| Source records |

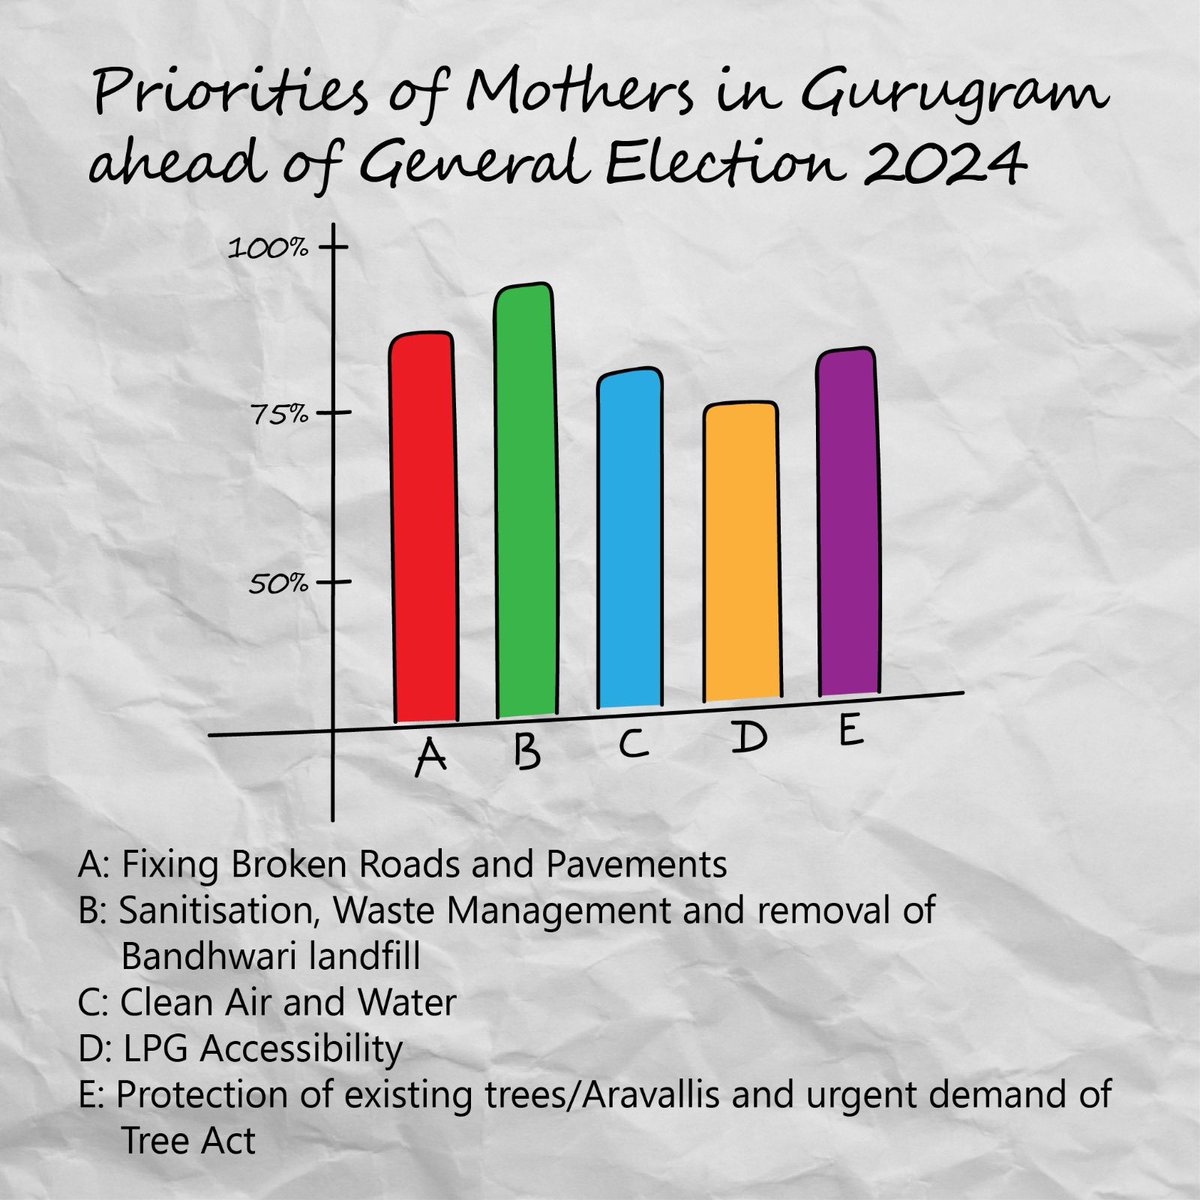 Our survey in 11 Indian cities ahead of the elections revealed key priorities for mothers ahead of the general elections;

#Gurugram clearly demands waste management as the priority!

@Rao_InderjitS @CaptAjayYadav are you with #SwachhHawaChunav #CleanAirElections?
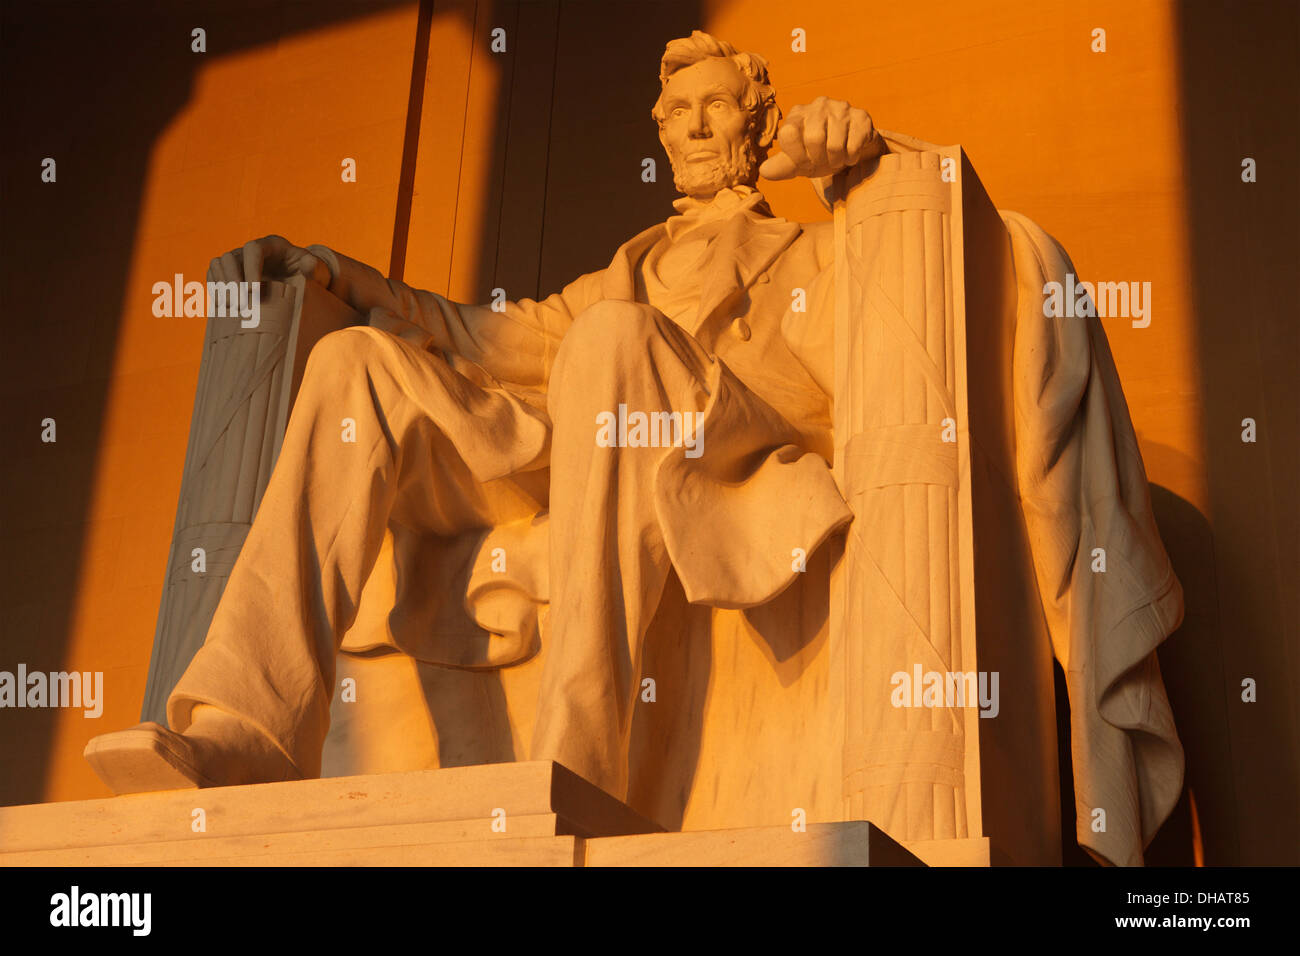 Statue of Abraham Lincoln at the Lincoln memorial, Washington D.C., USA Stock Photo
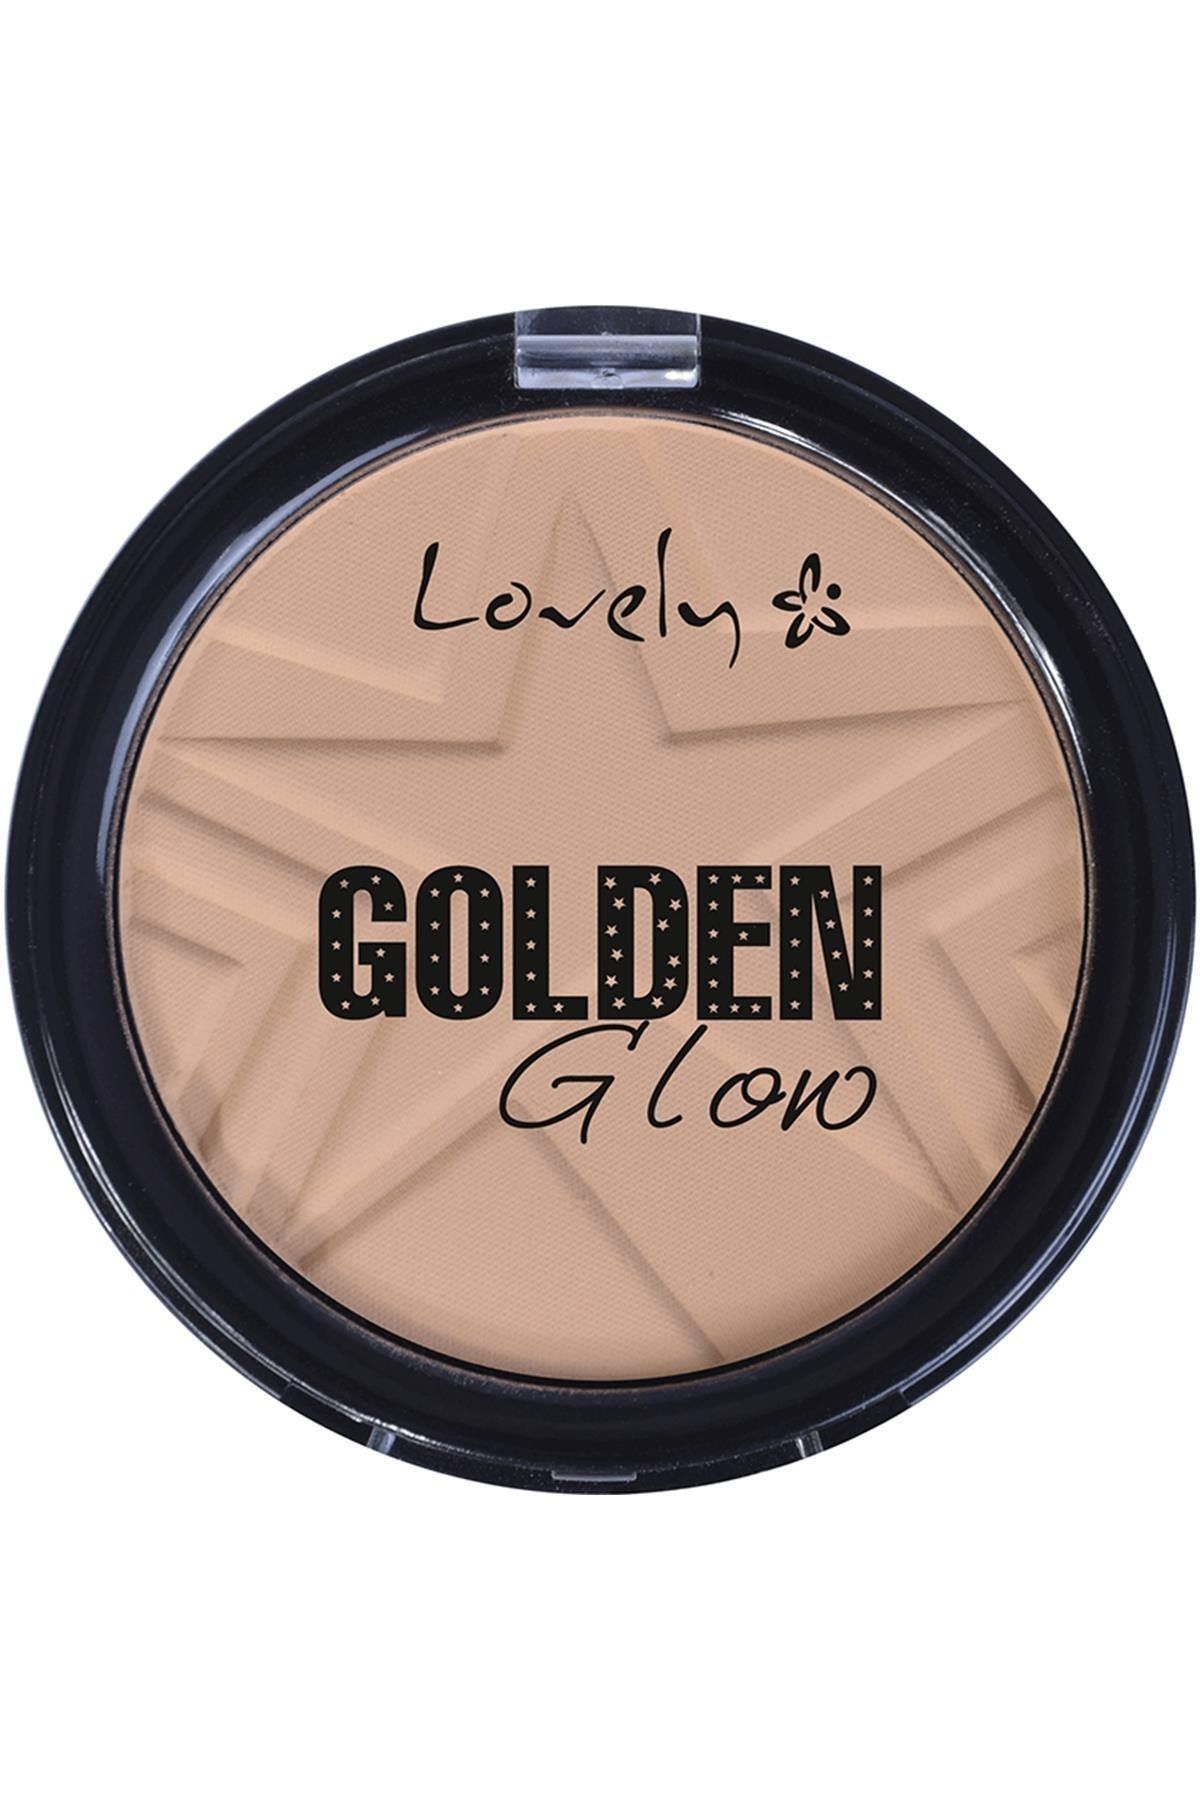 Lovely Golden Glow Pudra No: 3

| Exercise prompt |
Pictures aside, retype all of the entries word for word.

| Reply |
 Our survey in 11 Indian cities ahead of the elections revealed key priorities for mothers ahead of the general elections;

#Gurugram clearly demands waste management as the priority!

@Rao_InderjitS @CaptAjayYadav are you with #SwachhHawaChunav #CleanAirElections?
 Statue of Abraham Lincoln at the Lincoln memorial, Washington D.C., USA Stock Photo
 Lovely Golden Glow Pudra No: 3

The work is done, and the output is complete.